The pressure intensifying mechanism 70 is positioned within injector body 40 and includes a piston 72 which is attached to a plunger 74. A relatively large hydraulic surface 71 on piston 72 is exposed to fluid pressure in actuation fluid cavity 45. A relatively small hydraulic surface 73 on the bottom of plunger 74 is exposed to fluid pressure in a fuel pressurization chamber 75. The alternately intermediate pressure or low pressure on the large hydraulic surface 71 of piston 72 from actuation fluid cavity 45 causes piston 72 and hence plunger 74 to move between an up position and a down position. A biasing spring 76 biases piston 72 toward its up position. The strength of biasing spring 76 is preferably such that it can move piston 72 and plunger 74 toward their up position when low pressure prevails in actuation fluid cavity 45. The size of hydraulic surface 71 should be such that when intermediate pressure prevails in actuation fluid cavity 45, piston 72 and plunger 74 are forced down to compress fuel in fuel pressurization chamber 75. When low pressure is returned to actuation fluid cavity 45, biasing spring 76 can move piston 72 and plunger 74 toward their up position, drawing fuel into fuel pressurization chamber 75 from a second nozzle supply passage 77 and expelling used actuation fuel into drain 47.
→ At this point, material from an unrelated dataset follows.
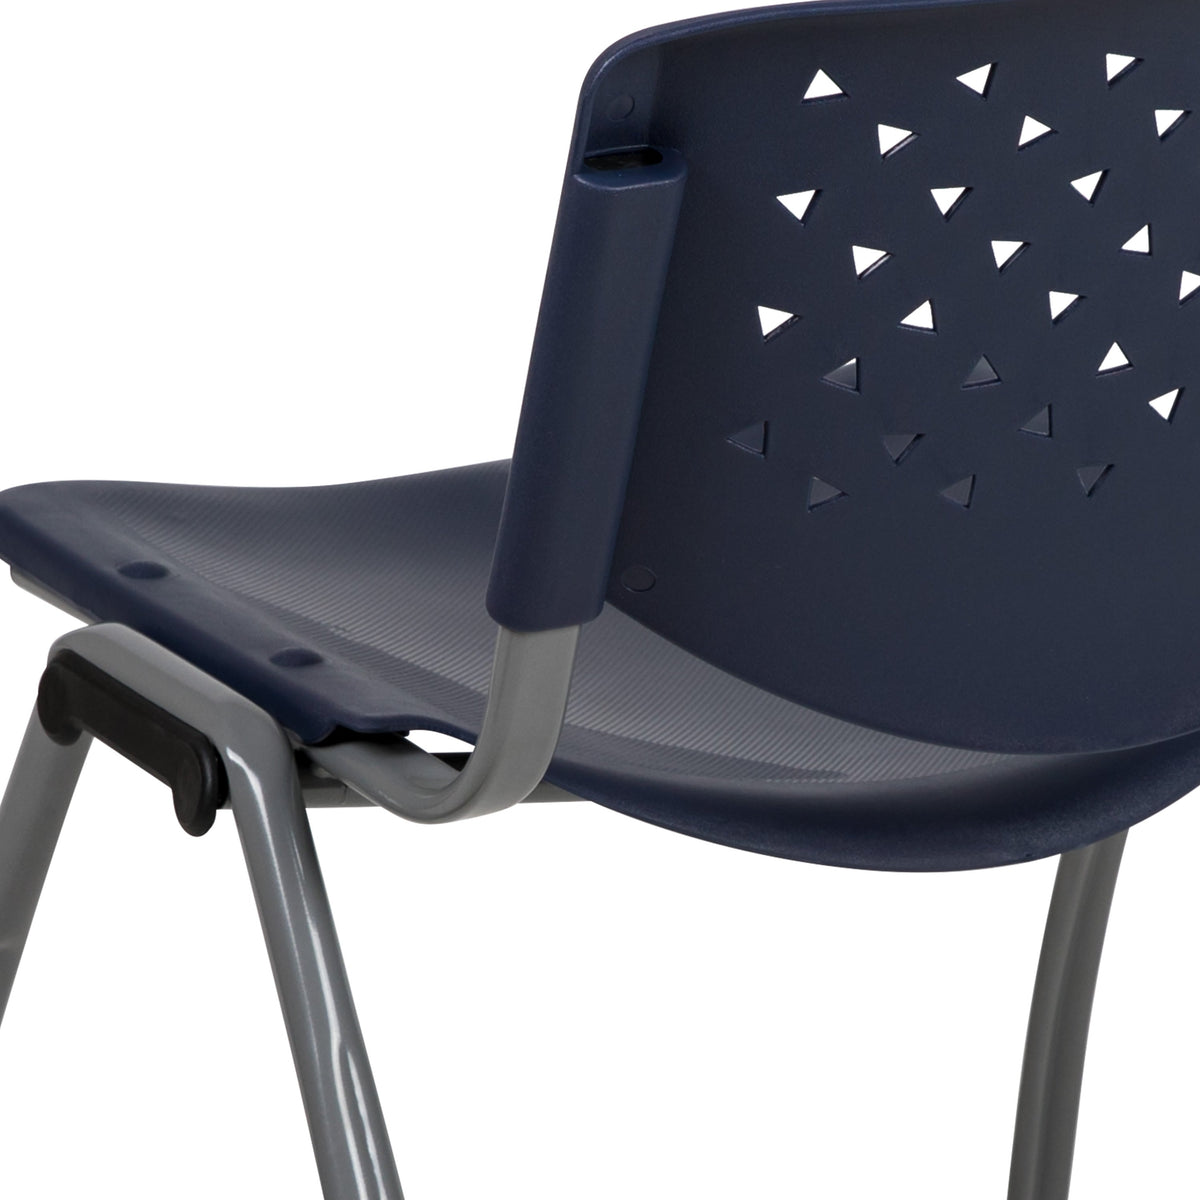 Navy |#| Home and Office Navy Plastic Stack Chair with Perforated Back - Guest Chair

Fuel pressurization chamber 75 connects via second nozzle supply passage 77 to a nozzle chamber 81 which is defined by injector body 40. First nozzle supply passage 32 extends between fuel inlet 41 and a nozzle chamber 81, also defined by injector body 40, and supplies intermediate pressure fuel from intermediate pressure fuel supply line 24 to nozzle chamber 81. A check valve 90 is positioned within first nozzle supply passage 32 between inlet 41 and the junction 78 with second nozzle supply passage 77. Check valve 90 allows fuel to flow from inlet 41 toward nozzle chamber 81, but blocks flow from fuel pressurization chamber 75 back up the passage toward inlet 41. Thus, when plunger 74 moves from its down position back toward its up position, fuel can be drawn past check valve 90, through second nozzle supply passage 77, and into fuel pressurization chamber 75. When plunger 75 is subsequently driven downward, the pressurized fuel can be forced into nozzle chamber 81, but check valve 90 prevents the pressurized fuel from being forced back up first nozzle supply passage 32.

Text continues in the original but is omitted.